Neugierde der Zuschauer war Bestandteil des Konzeptes. Eigenen Beobachtungen zufolge musste das nicht zwingend negative Auswirkungen auf die Talk-Gäste haben. Für die meisten waren andere Punkte wichtiger: über seine Probleme sprechen können, endlich zu erleben, dass man ernst genommen und dass einem zugehört wird. Vor allem, wenn es dem Moderator gelang, sie trotz aller intimen Offenbarungen als wichtige Teilnehmer mit eigener Würde vorzustellen, empfanden sie sich nicht als zur Schau gestellt. Diese Haltung der Moderatoren wurde aber bei einigen der privaten Sender bald durchbrochen. Denn in dem Maße, wie die Anzahl der Talkshows inflationär zunahm, wuchs der Konkurrenzdruck in Bezug auf die Einschaltquoten. Für die Zuschauer mussten neue Aufmerksamkeitsimpulse gesetzt werden.
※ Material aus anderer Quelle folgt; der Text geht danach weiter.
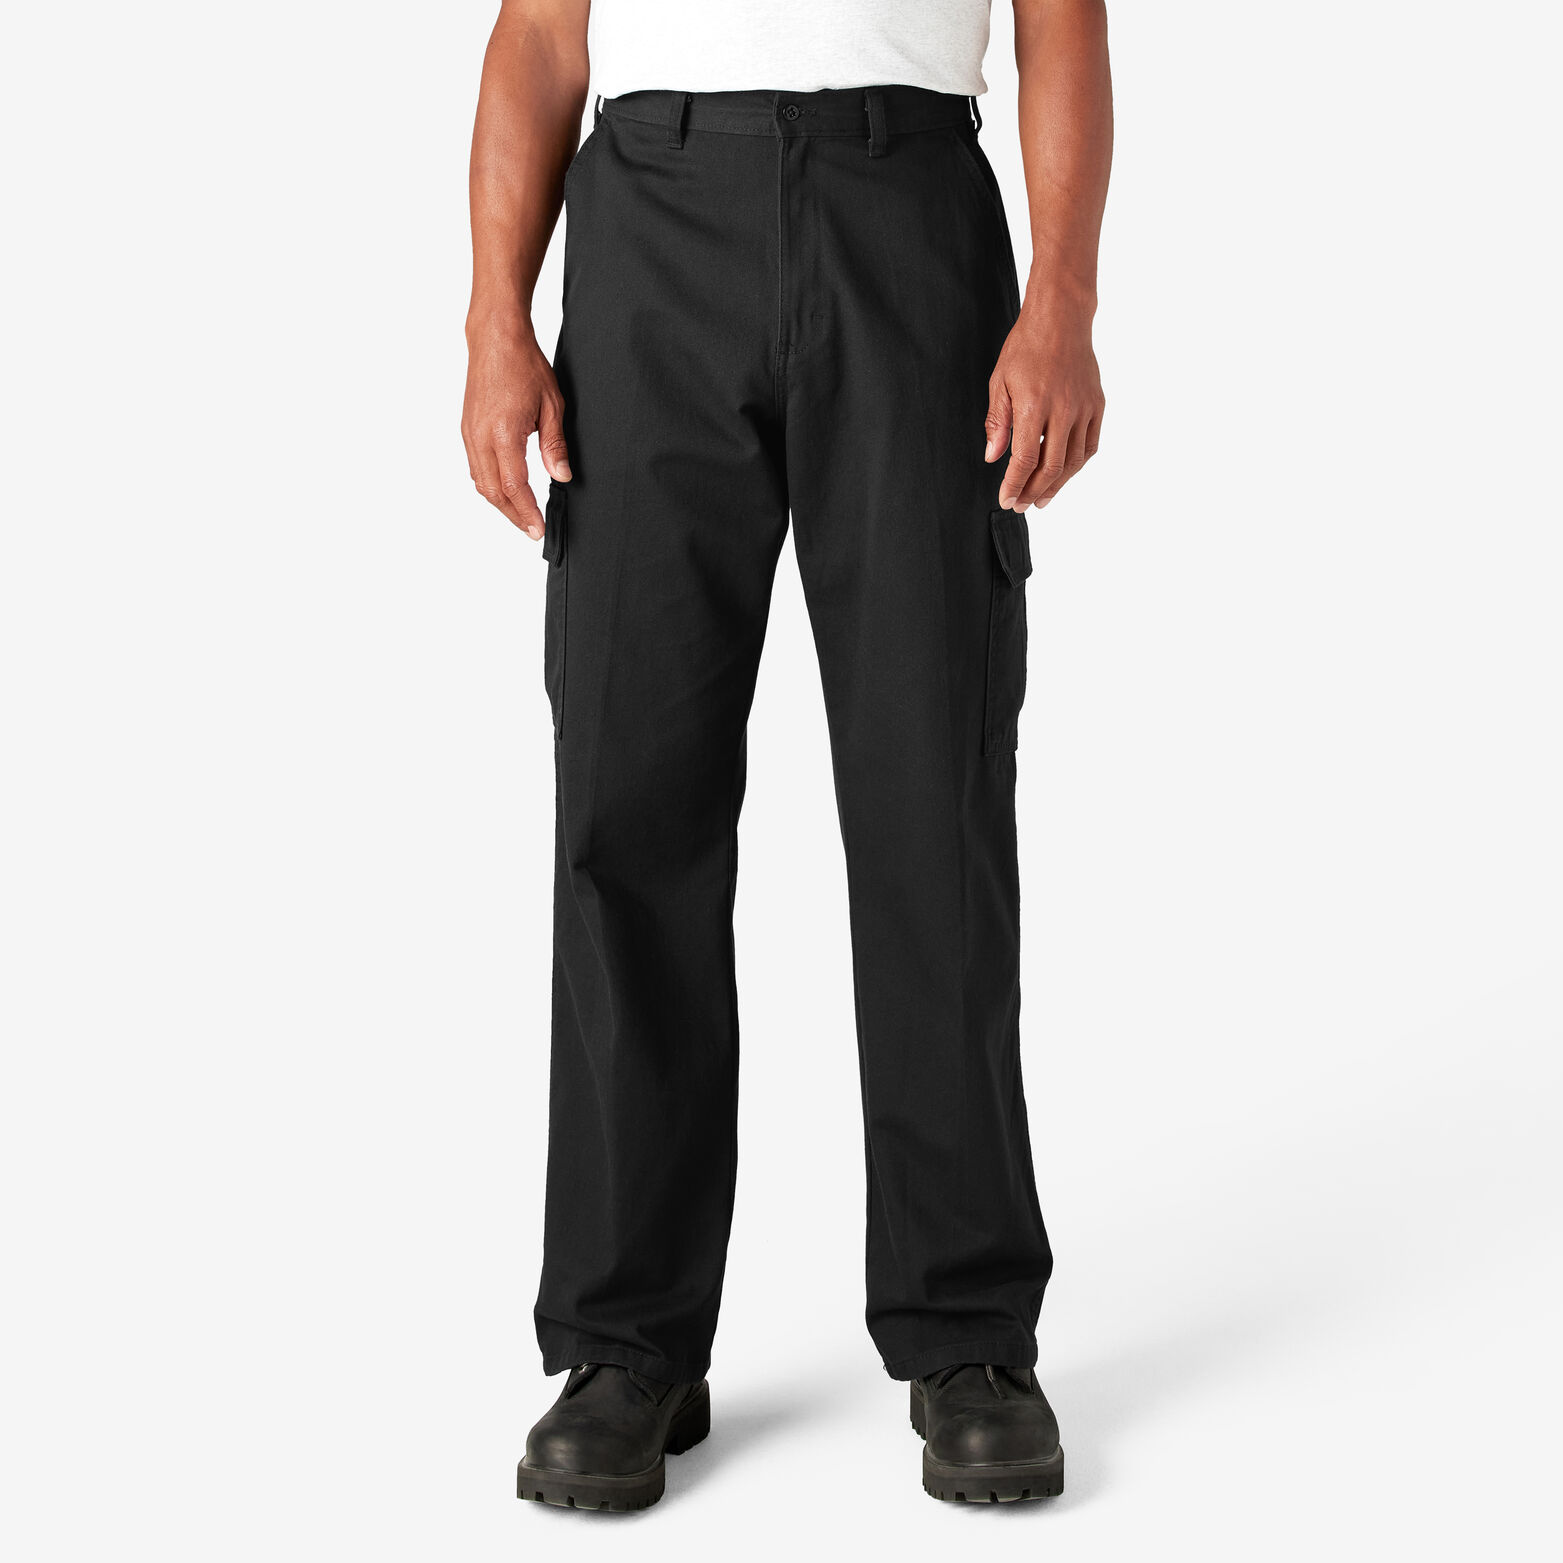 Tremble As shave Loose Fit Cargo Pants For Men | Dickies

Die emotionale Atmosphäre gemeinsamen Verständnisses und Problembewusstseins in einem „kuscheligen Studio Setting“ genügte nicht mehr, selbst wenn es um Tabu-Themen ging; man brauchte mehr „Action“. So wurden aus den „Confessional-Talks“ mit ihren „Outings“ von persönlichen Problemen oder absonderlichen Erlebnissen oder Vorlieben immer öfter von den Sendern bewusst geplante „Confrontation-Talks“; in deren Verlauf war es gang und gäbe, dass die Protagonisten heftig und bisweilen bis zur Prügelgrenze miteinander stritten und dazu von den Moderatoren animiert wurden.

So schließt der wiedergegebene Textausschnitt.